I'm not sure how to avoid double group_bys (I don't think you can) but this avoids filters and explodes. The trick is to first create a helper column which represents each continuous sequence of value. You used to have to do that manually but now there's .rle_id to do it for you. Once you do that then you can use the built in .first() and .last() to construct the intervals struct.

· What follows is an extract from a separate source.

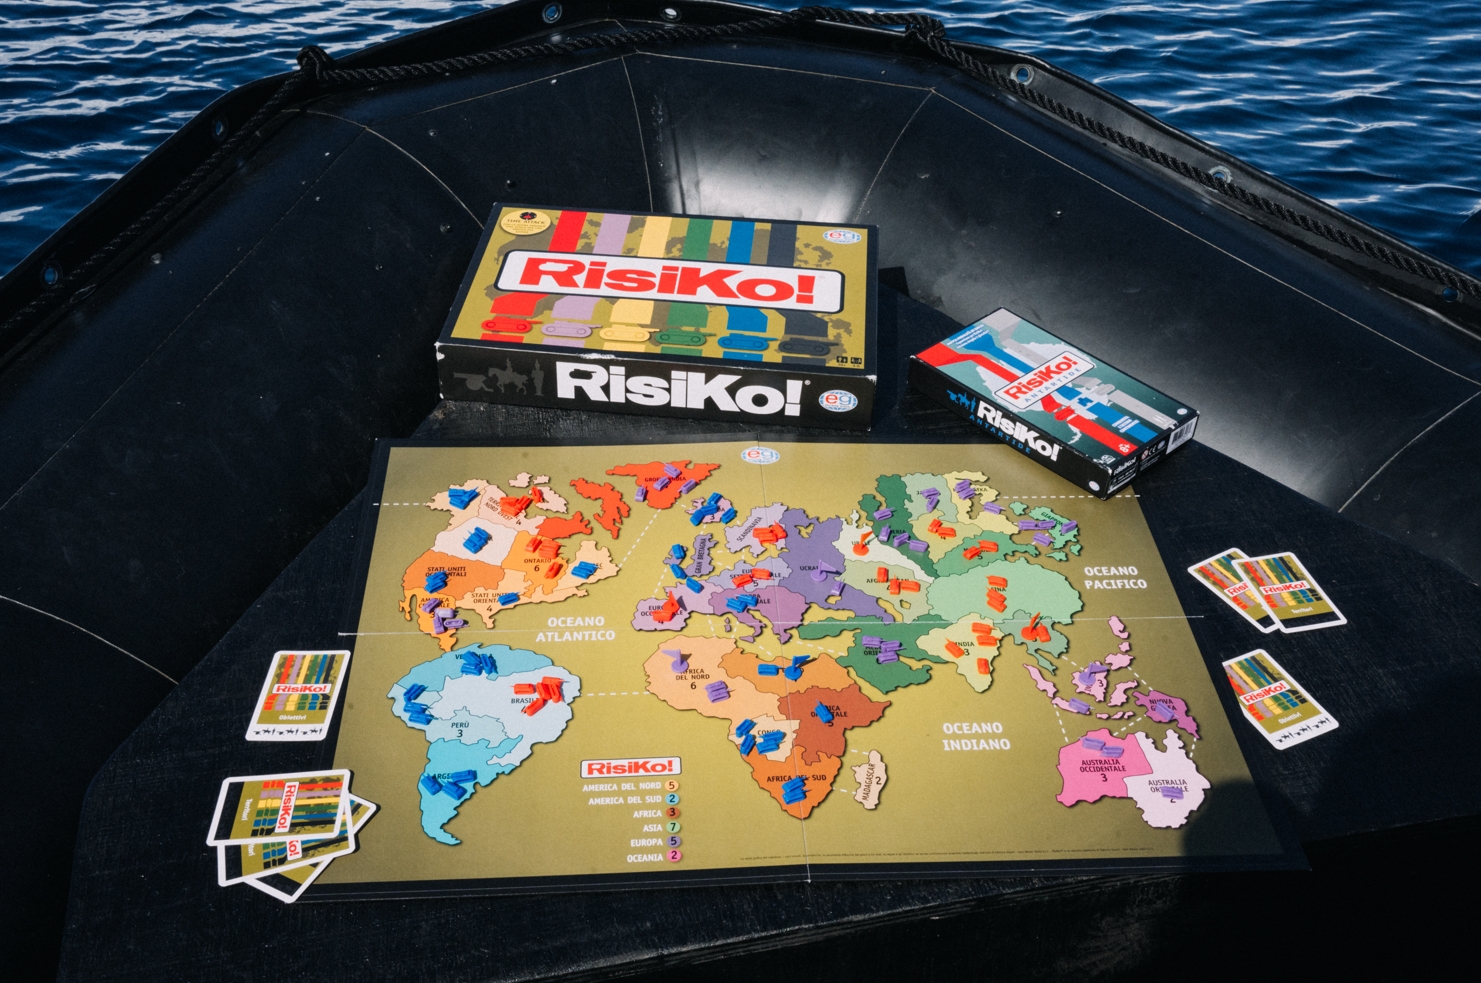 la scatole di risiko e risiko antartide viaggiano con marcello ascani in barca - nerdface

You then need a second group_by to put the those intervals into a list by value

(
    frame
    .group_by(
        pl.col('value').rle_id().alias('i'),
        maintain_order=True
        )
    .agg(
        value = pl.col('value').first(),
        intervals = pl.struct(
            start_date = pl.col('date').first(), 
            end_date=pl.col('date').last()
            )
        )
    .group_by('value',maintain_order=True)
    .agg(
        pl.col('intervals')
        )
)
shape: (2, 2)
┌───────┬─────────────────────────────────────────────────────────────────────────────┐
│ value ┆ intervals                                                                   │
│ ---   ┆ ---                                                                         │
│ str   ┆ list[struct[2]]                                                             │
╞═══════╪═════════════════════════════════════════════════════════════════════════════╡
│ A     ┆ [{2011-01-01,2011-01-01}, {2011-01-03,2011-01-03}, {2011-01-06,2011-01-08}] │
│ B     ┆ [{2011-01-02,2011-01-02}, {2011-01-04,2011-01-05}, {2011-01-09,2011-01-10}] │
└───────┴─────────────────────────────────────────────────────────────────────────────┘

**Incidentally, if you want to print a wider dataframe that isn't abbreviated, then you can set pl.Config.set_fmt_str_lengths() to a high number.

0
jqurious On

Just with regards to your current approach:

Creating booleans and using Expr.filter() seems like a "manual implementation" of .when().then()

def find_date(periods=1):
    return (
        pl.when(pl.col("value").ne_missing(pl.col("value").shift(periods)))
          .then(pl.col("date"))
    )
   
(df.with_columns(start_date = find_date().forward_fill(), end_date = find_date(-1))
   .drop_nulls()
   .group_by("value")
   .agg(intervals = pl.struct("start_date", "end_date"))
)
shape: (2, 2)
┌───────┬─────────────────────────────────────────────────────────────────────────────┐
│ value ┆ intervals                                                                   │
│ ---   ┆ ---                                                                         │
│ str   ┆ list[struct[2]]                                                             │
╞═══════╪═════════════════════════════════════════════════════════════════════════════╡
│ A     ┆ [{2011-01-01,2011-01-01}, {2011-01-03,2011-01-03}, {2011-01-06,2011-01-08}] │
│ B     ┆ [{2011-01-02,2011-01-02}, {2011-01-04,2011-01-05}, {2011-01-09,2011-01-10}] │
└───────┴─────────────────────────────────────────────────────────────────────────────┘
  • .ne_missing() is used instead of != to handle the first/last row nulls that .shift() produces.